La batteria ha una dimensione di 10 cm2 e una “potenza di 500 milliwatt. Nonostante le sue piccole dimensioni, la sua densità di energia è più del doppio di quella delle batterie al vanadio oggi in uso, affermano gli scienziati. “Nei test di laboratorio che imitavano le condizioni del mondo reale, la batteria PNNL ha funzionato ininterrottamente per 120 giorni, terminando solo quando altre apparecchiature non correlate alla batteria stessa si esaurivano – hanno ulteriormente spiegato. La batteria ha attraversato 1.111 cicli completi di carica e scarica, l’equivalente di diversi anni di funzionamento in circostanze normali, e ha perso meno del 3% della sua capacità energetica”.

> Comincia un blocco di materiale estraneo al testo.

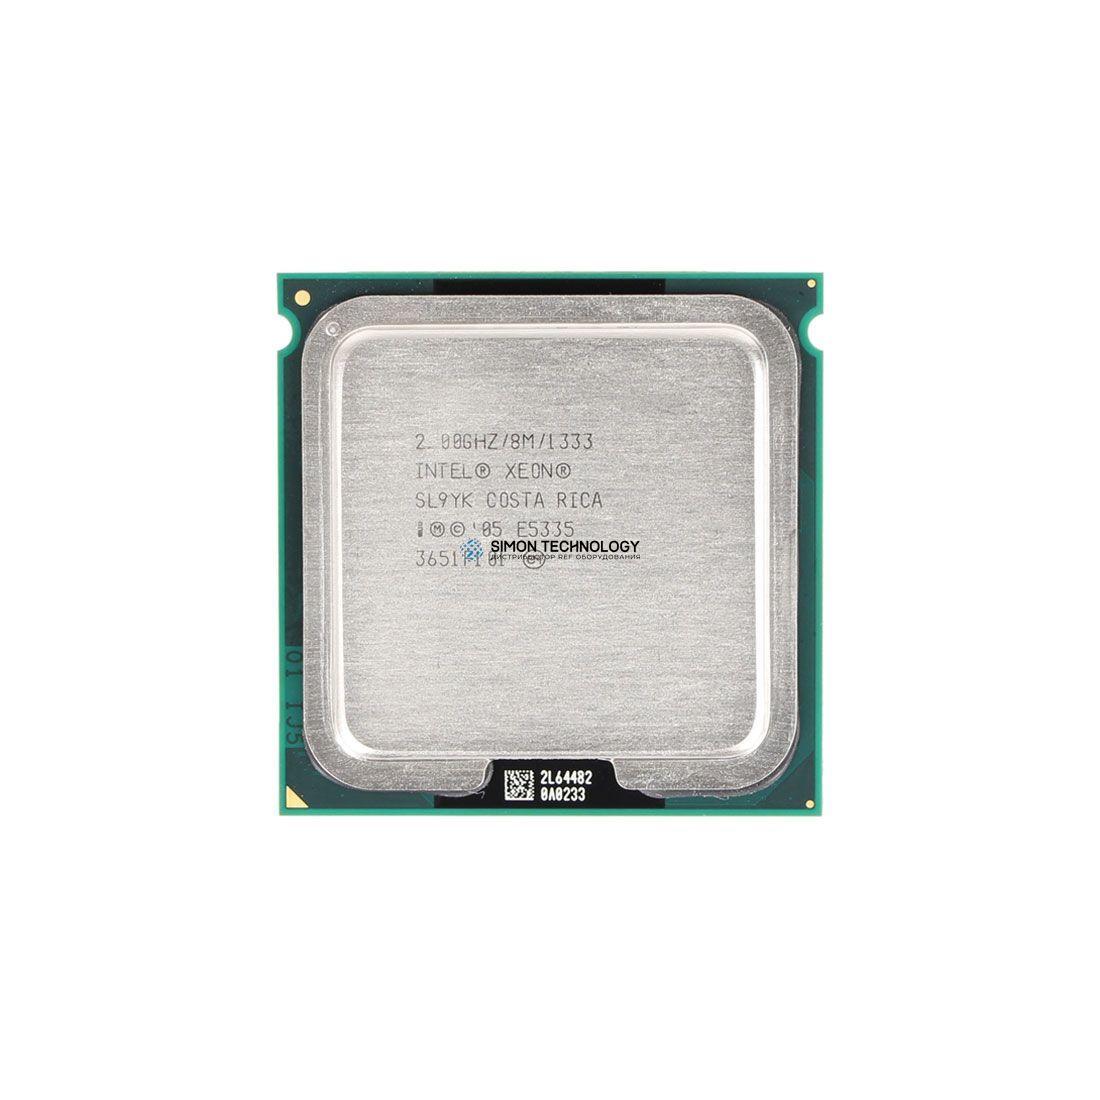 Процессор HPE HPE CPU Clvertwn.E5335 2.0/1333.80W (453307-001)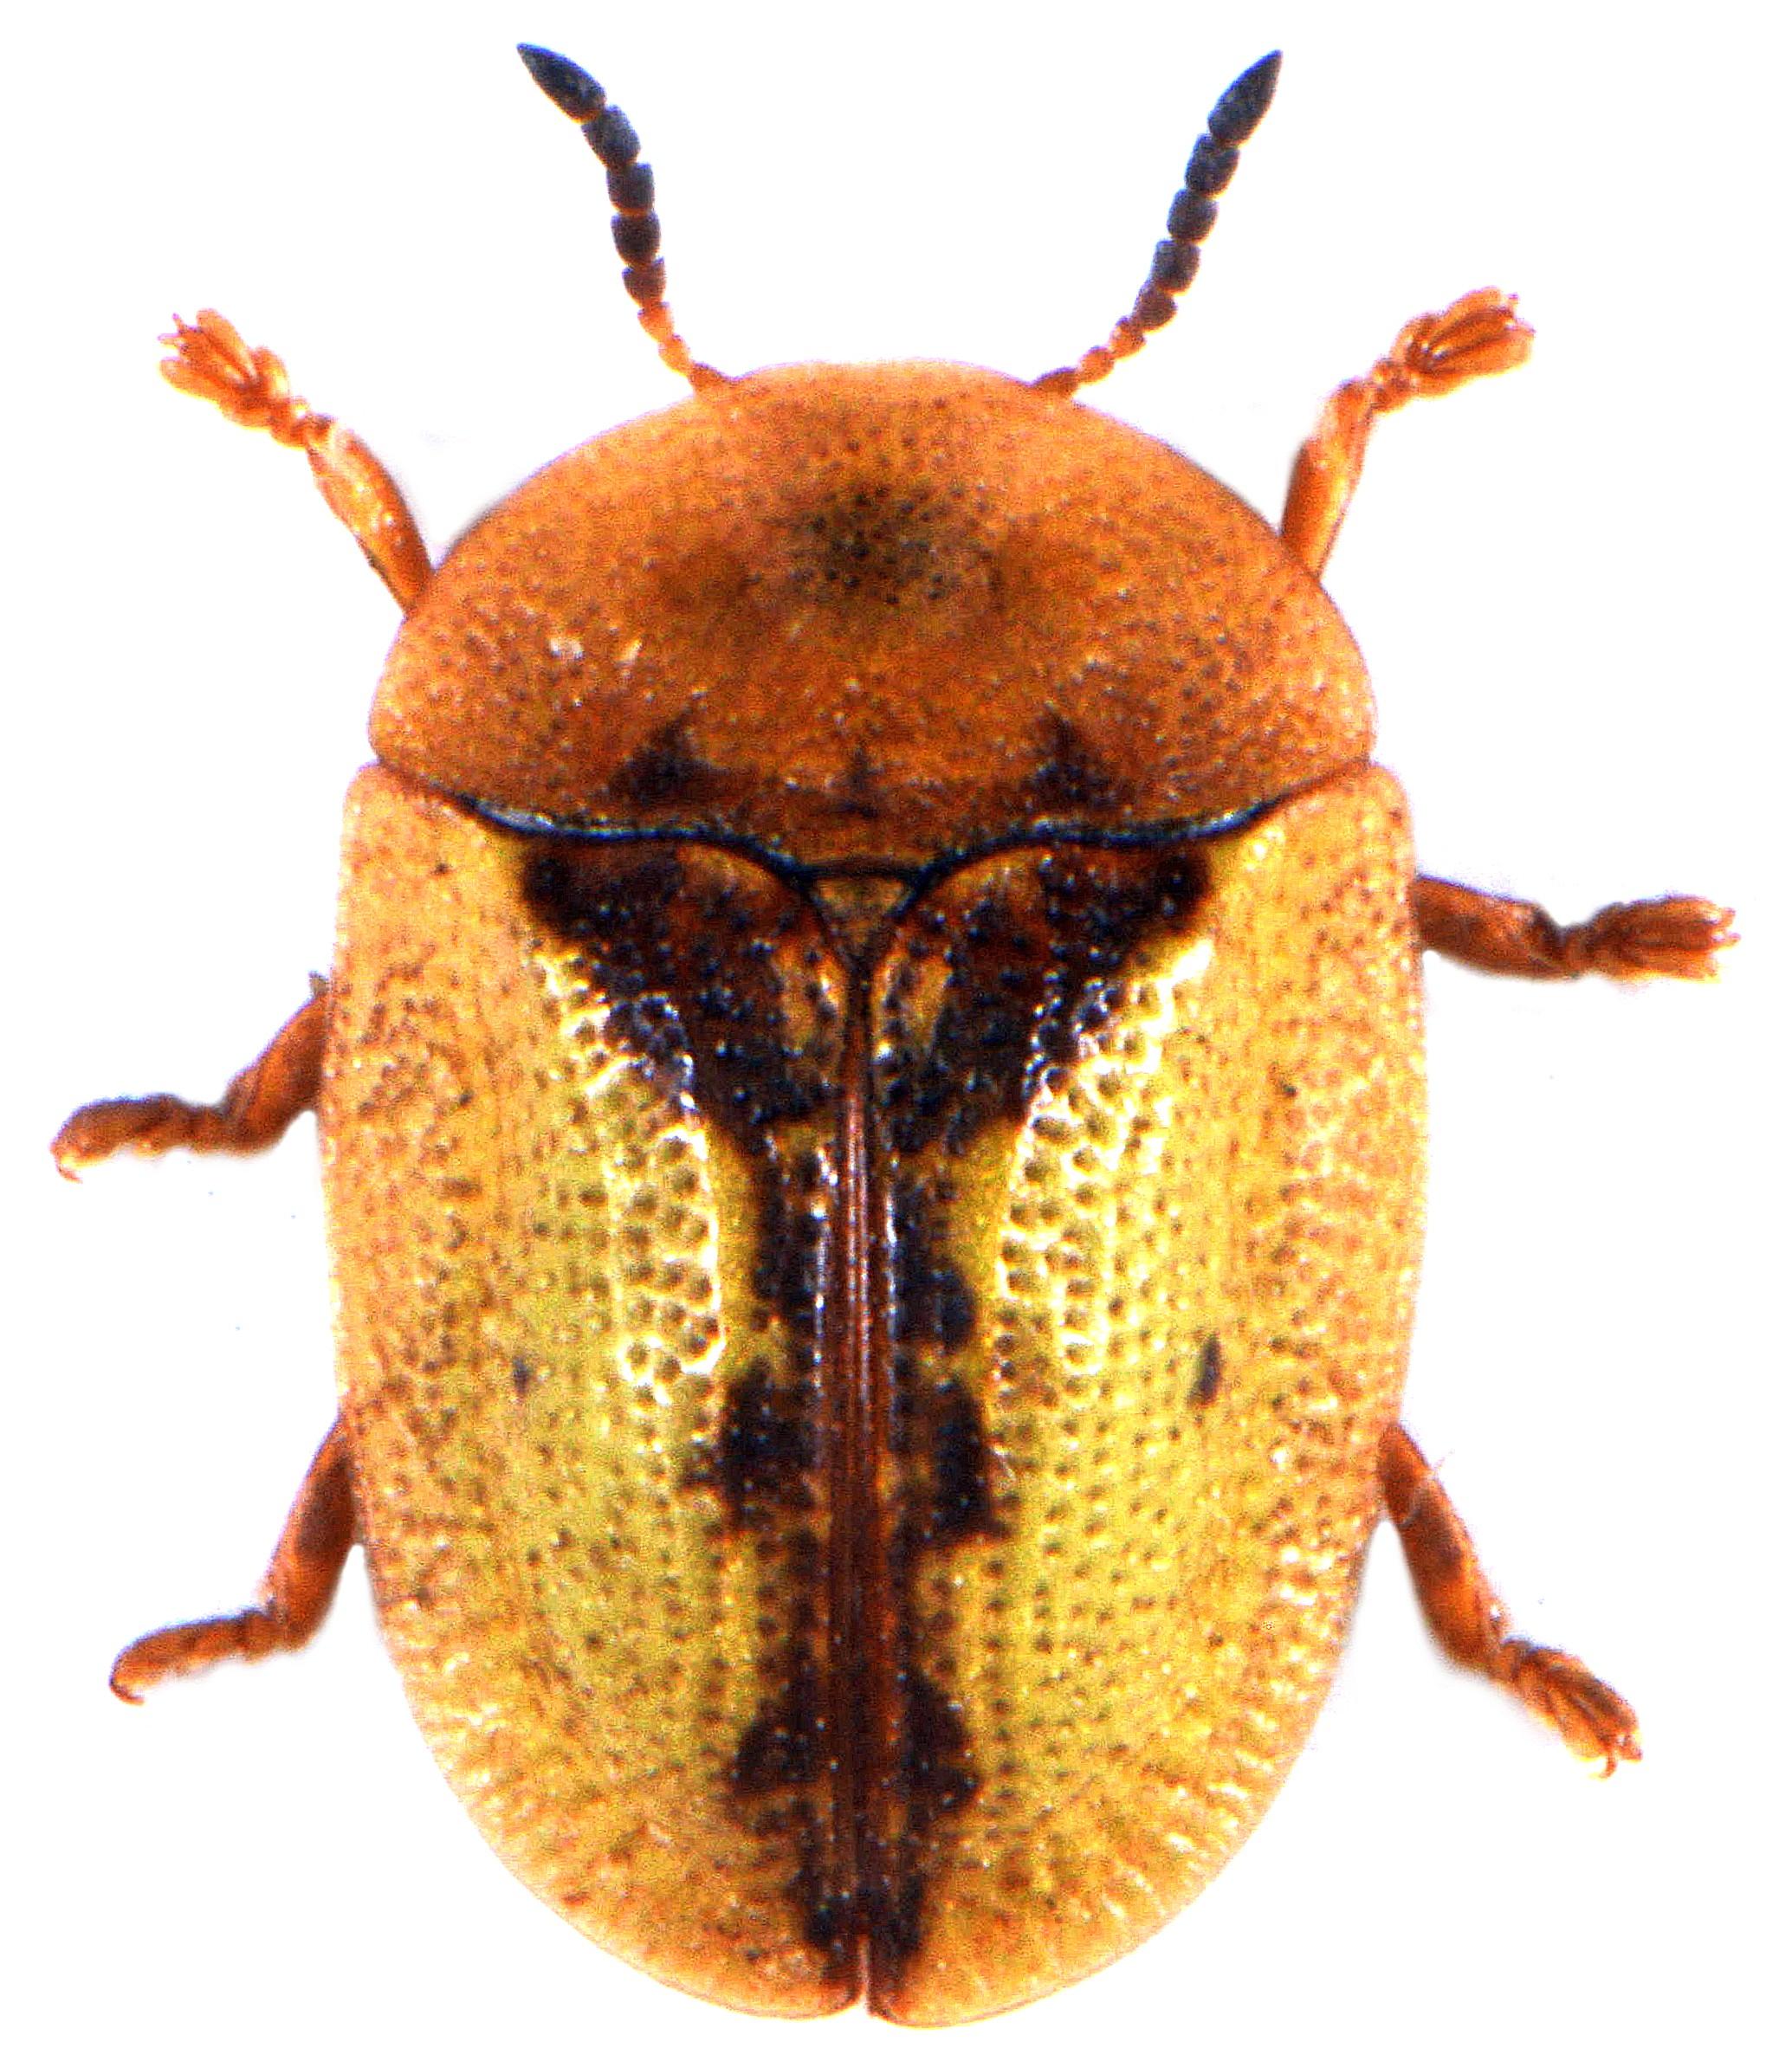 Cassida vibex

Una nuova generazione di piante luminose
Grazie all’impiego di speciali nanoparticelle, un team di ingegneri del Massachusetts Institute of Technology ha creato piante che possono essere “caricate” per emettere luce
Dopo aver creato le prime piante capaci di emettere luce (2017), ora i ricercatori statunitensi del Massachusetts Institute of Technology (MIT) hanno sviluppato un nuovo sistema per aumentare l’intensità della luce e prolungarne la durata. Il team di scienziati, guidati dall’ingegnere chimico Michael Strano, ha impiegato un condensatore di loro creazione a base di nano particelle di alluminato di stronzio. Questo elemento permette di immagazzinare i fotoni luminosi, per poi rilasciarli gradualmente nel tempo. Prima di incorporare le particelle attraverso gli stomi vegetali, hanno rivestito le stesse in silice, per proteggere la pianta da eventuali danni. Il team ha usato questa tecnica di potenziamento su specie diverse tra cui crescione, tabacco, basilico e margherite. Dopo averle esposte alla luce di un Led blu, le piante si sono illuminate di verde continuando a splendere per un’ora ma con un’intensità progressivamente calante. Tuttavia la luce si è rivelata essere 10 volte più intensa della versione 2017. Il prossimo passo, dicono dal Mit, sarà quello di integrare le due tipologie di nanoparticelle, quelle con la luciferasi e i condensatori, per arrivare ad avere piante che producano e emettano luce ancora più brillante e per tempi ancora più lunghi.


Camper fotovoltaico
Progettato e realizzato dal Solar Team Eindhoven, il camper è in grado di percorrere fino a 730 km nelle giornate di sole
Si chiama Stella Vita il nuovo camper sviluppato dall’azienda olandese Solar Team Eindhoven, che si occupa principalmente di vetture a energia rinnovabile. Più che un caravan, si tratta di un’autentica casa su ruote che, grazie ai pannelli solari montati sul tetto, è in grado di essere del tutto autosufficiente in termini di energia. Per questo motivo, a bordo di Stella Vita è possibile fare di tutto senza aver bisogno di generatori esterni. Il tetto a pannelli solari serve per ricaricare il camper che da fermo dispone altresì di un’opzione che amplia la superficie fotovoltaica fino a 17,5 metri quadrati. Motivi che, insieme a un utilizzo responsabile dell’energia a disposizione, giustificano l’ampia autonomia del veicolo: oltre 730 km in una giornata di sole. Per quanto riguarda gli esterni, il camper ha un design moderno e pulito, con una forma che ricorda vagamente quella di un razzo su ruote. Non a caso è stata scelta questa soluzione, in quanto permette di massimizzare l’efficacia aerodinamica utile al risparmio dell’autonomia. Oltre agli aspetti energetici, Stella Vita spicca anche per la sua abitabilità di bordo. Infatti, il tetto si può alzare, ampliando quindi lo spazio all’interno del camper, che è dotato di tutti i comfort simili a quelli di una abitazione, come farsi una doccia calda, cucinare o anche guardare la TV. Una volta raggiunta la destinazione per la sosta, il tetto a pannelli solari espandibile regala una zona d’ombra sotto cui godersi l’aria aperta. Il tutto mentre il veicolo si ricarica.